I add now and again every node in cluster down....
That way, proxmox is unstable.
 
This is surely not a regular behaviour. I have also setup two PVE clusters and also added nodes later on, and none of the other nodes rebooted itself. If your other cluster nodes rebootet, then there should be logs, which explain, what happened and why.

E.g., I'd check the corosync logs…
 
I'm cheking the logs.
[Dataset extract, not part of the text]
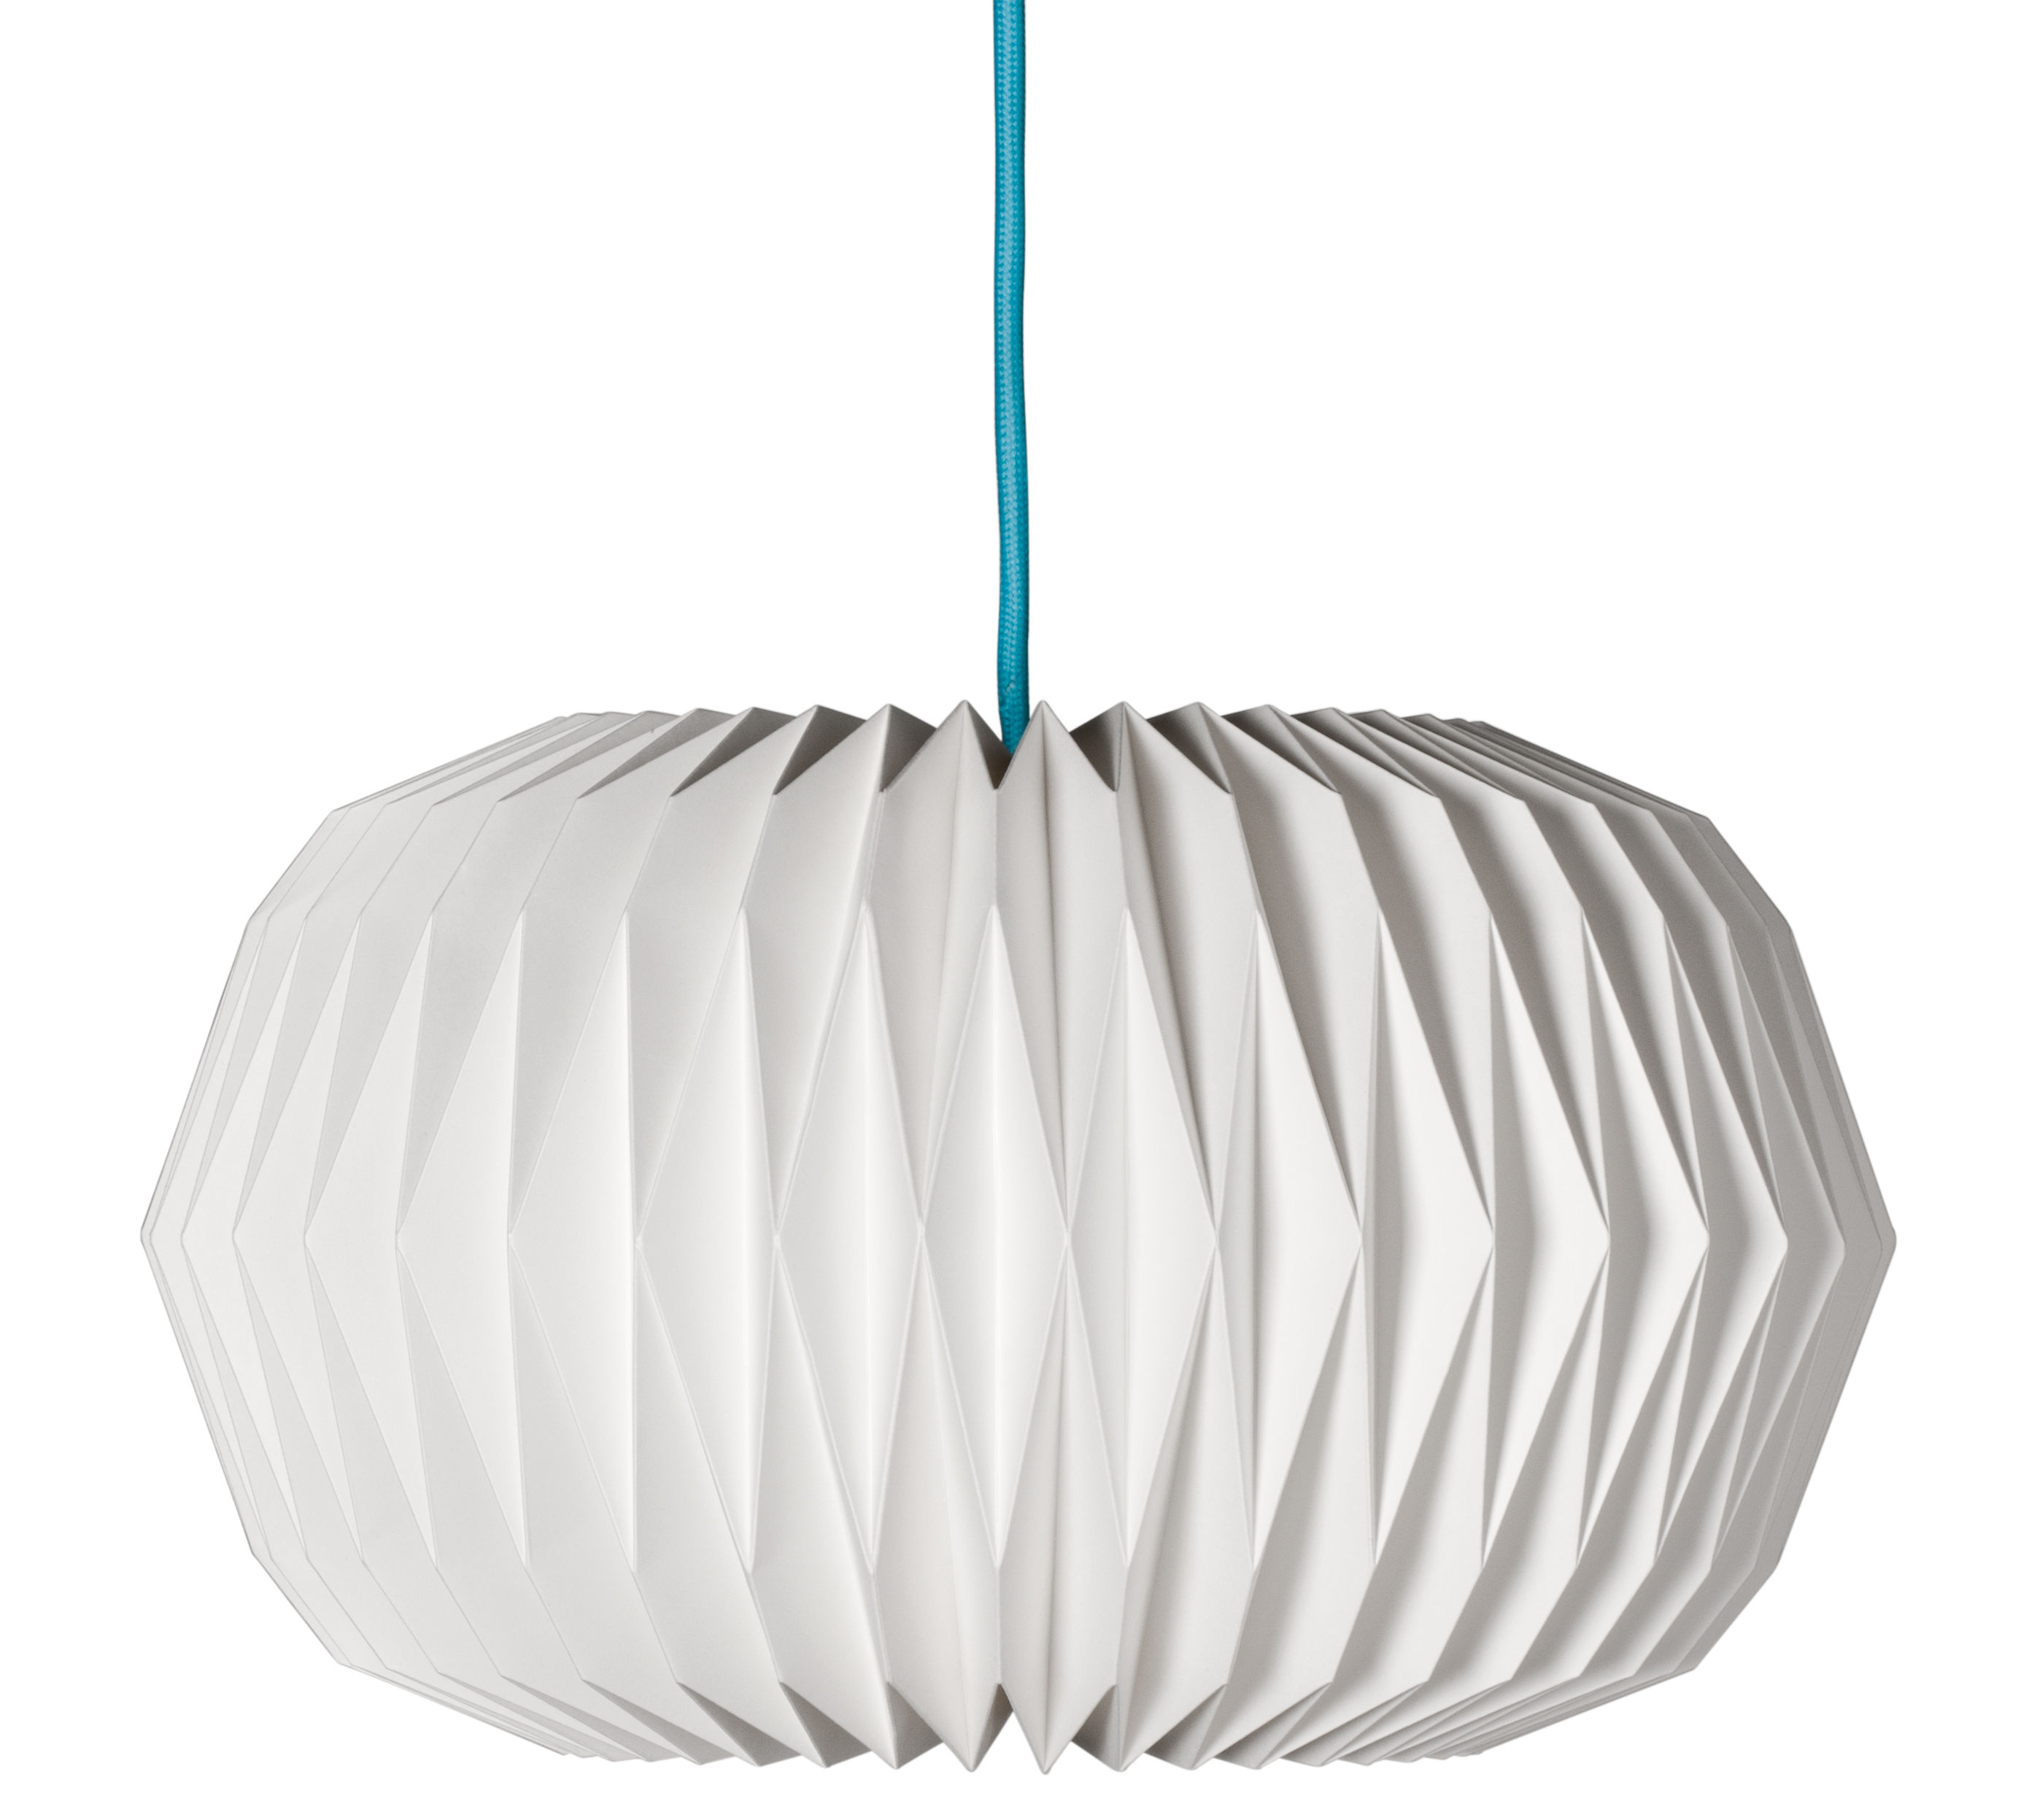 Luminaire - Suspensions - Suspension Paper Velocity Ø 35 x H 20 cm - Made in design Editions - Blanc / Câble noir - Papier
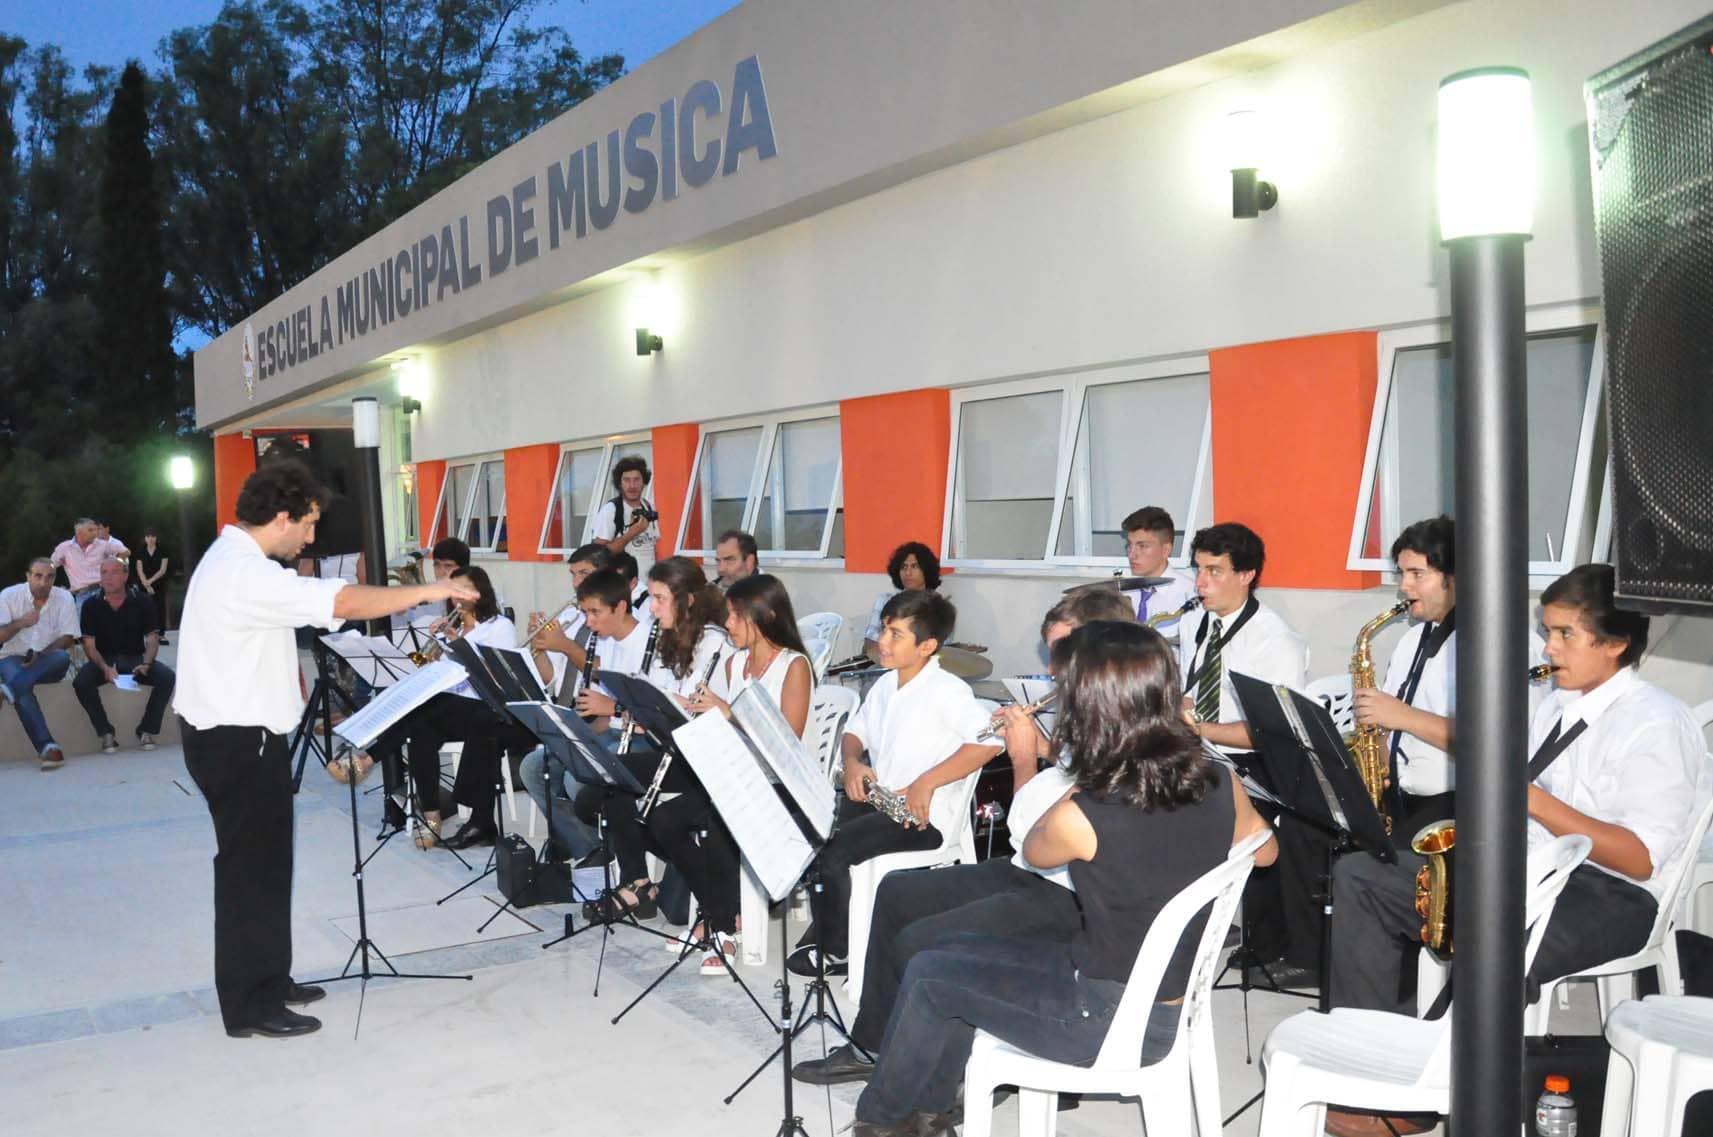 Homenaje a Barracchia escuela de música - enero 2016 (13)

This is output:

ha-manager status --verbose
unable to read file '/etc/pve/nodes//lrm_status'
quorum OK
master PV-02-XXX (active, Sun May 24 13:01:57 2020)
lrm (unable to read lrm status)
lrm PV-01-XXX (active, Sun May 24 13:02:00 2020)
lrm PV-02-XXX (active, Sun May 24 13:01:57 2020)
lrm PV-03-XXX (active, Sun May 24 13:02:00 2020)
lrm PV-04-XXX (active, Sun May 24 13:02:02 2020)
lrm PV-05-XXX (active, Sun May 24 13:02:02 2020)

.....

full cluster state:
unable to read file '/etc/pve/nodes//lrm_status'
{
"lrm_status" : {
"" : {
"mode" : "unknown"
}

What is lrm ?.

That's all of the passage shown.